** Recorded data follows **

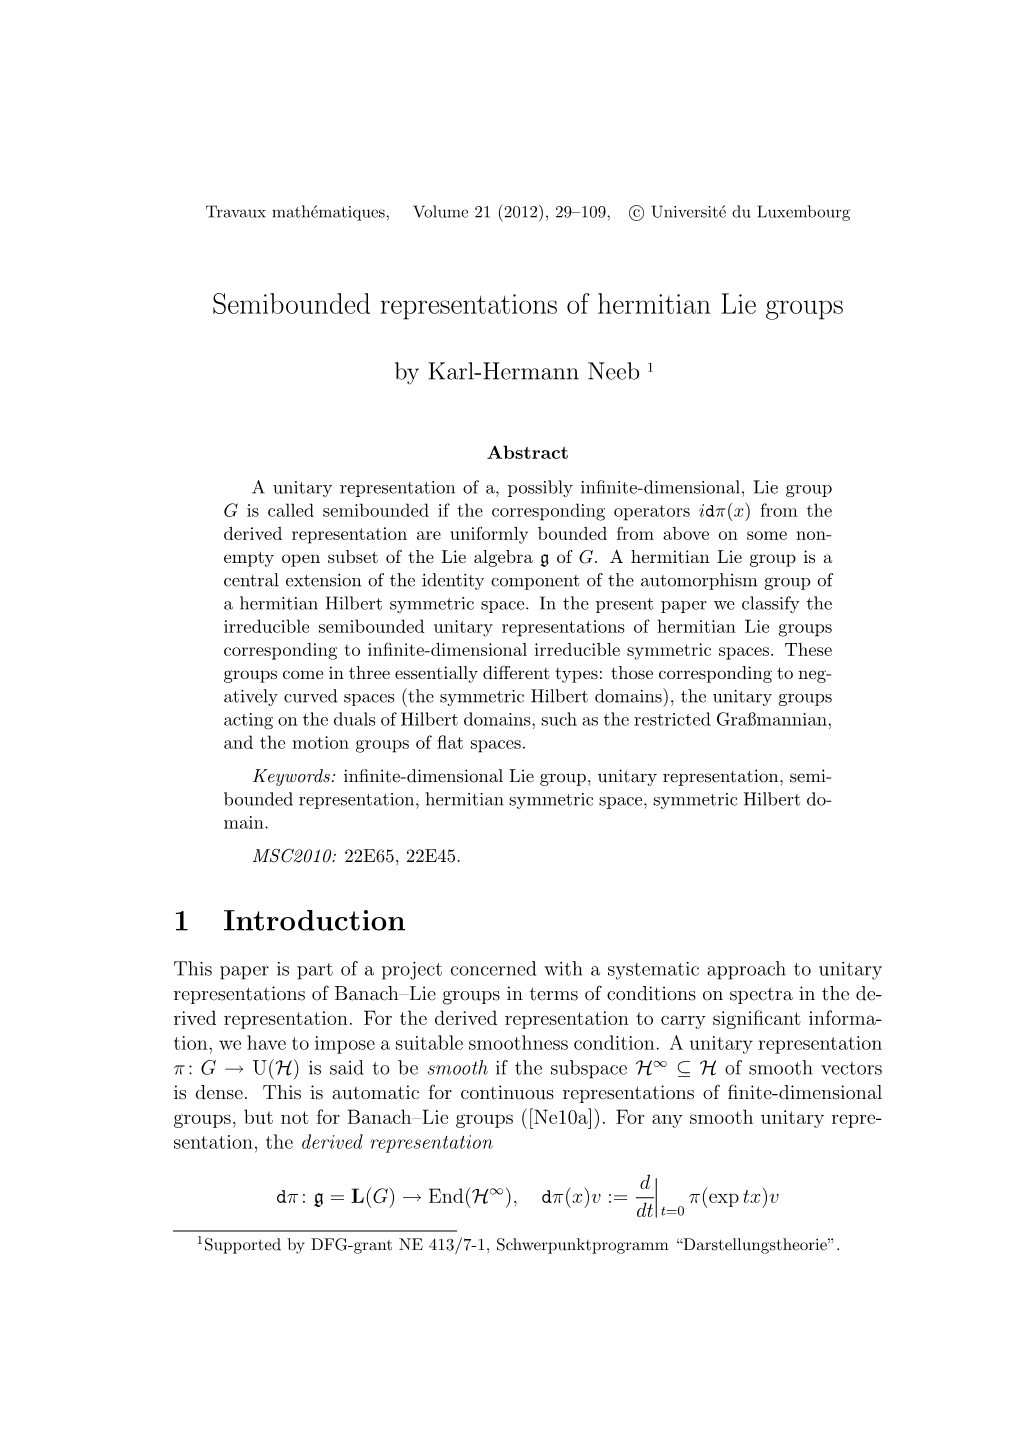 Semibounded Representations of Hermitian Lie Groups
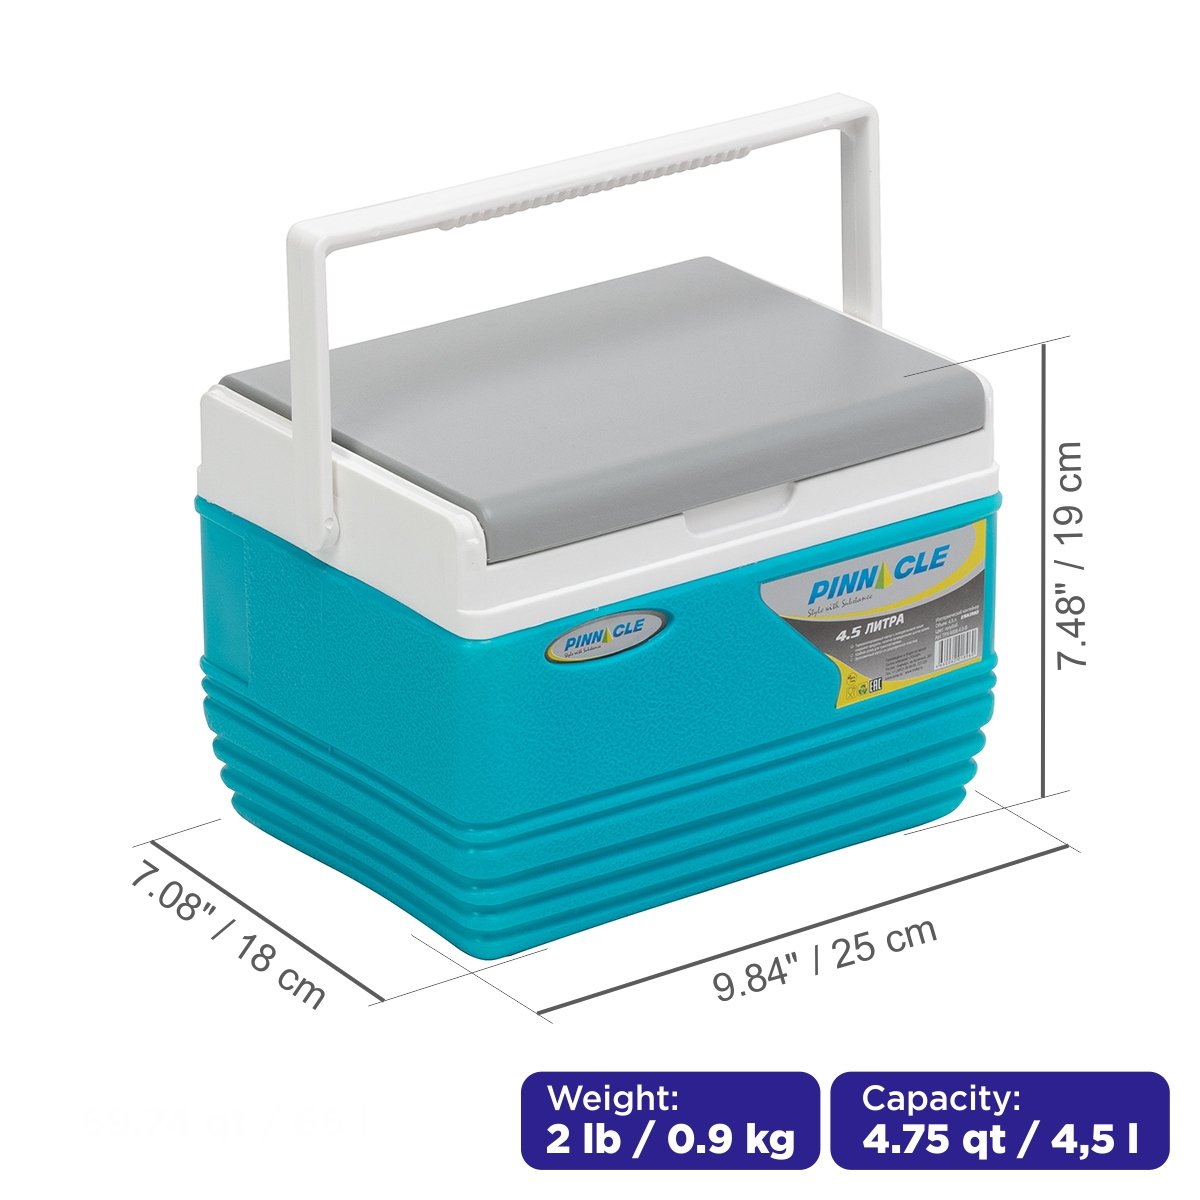 Eskimo Portable Hard-Sided Ice Chest for Camping, 4 qt, Blue is 10 inches long, 7 inches wide and 7.5 inches high, weighing 2 lbs
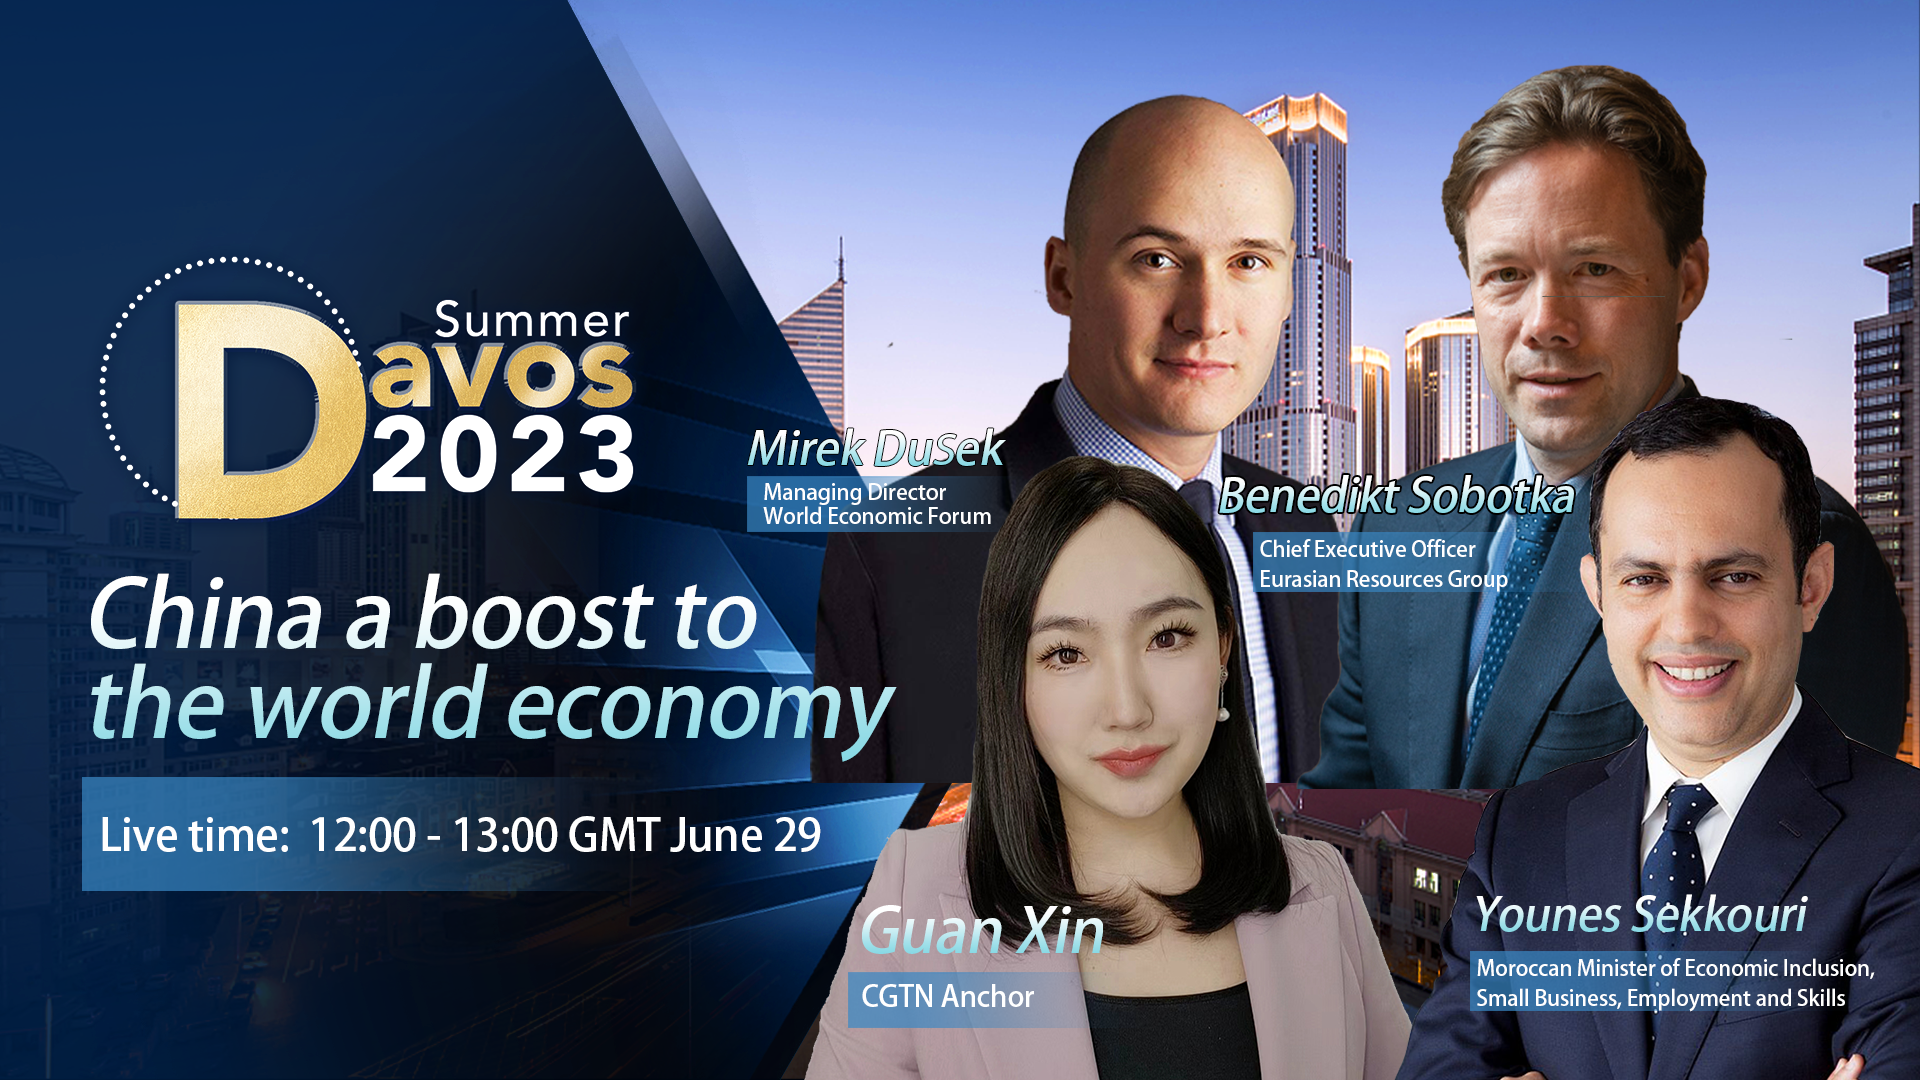 Watch: Summer Davos 2023 - China, a boost to the world economy

** End of Recorded data **

Work task:
The material above is to be set down exactly, with pictures removed.

Exercise result:
 Semibounded Representations of Hermitian Lie Groups
 Eskimo Portable Hard-Sided Ice Chest for Camping, 4 qt, Blue is 10 inches long, 7 inches wide and 7.5 inches high, weighing 2 lbs
 Watch: Summer Davos 2023 - China, a boost to the world economy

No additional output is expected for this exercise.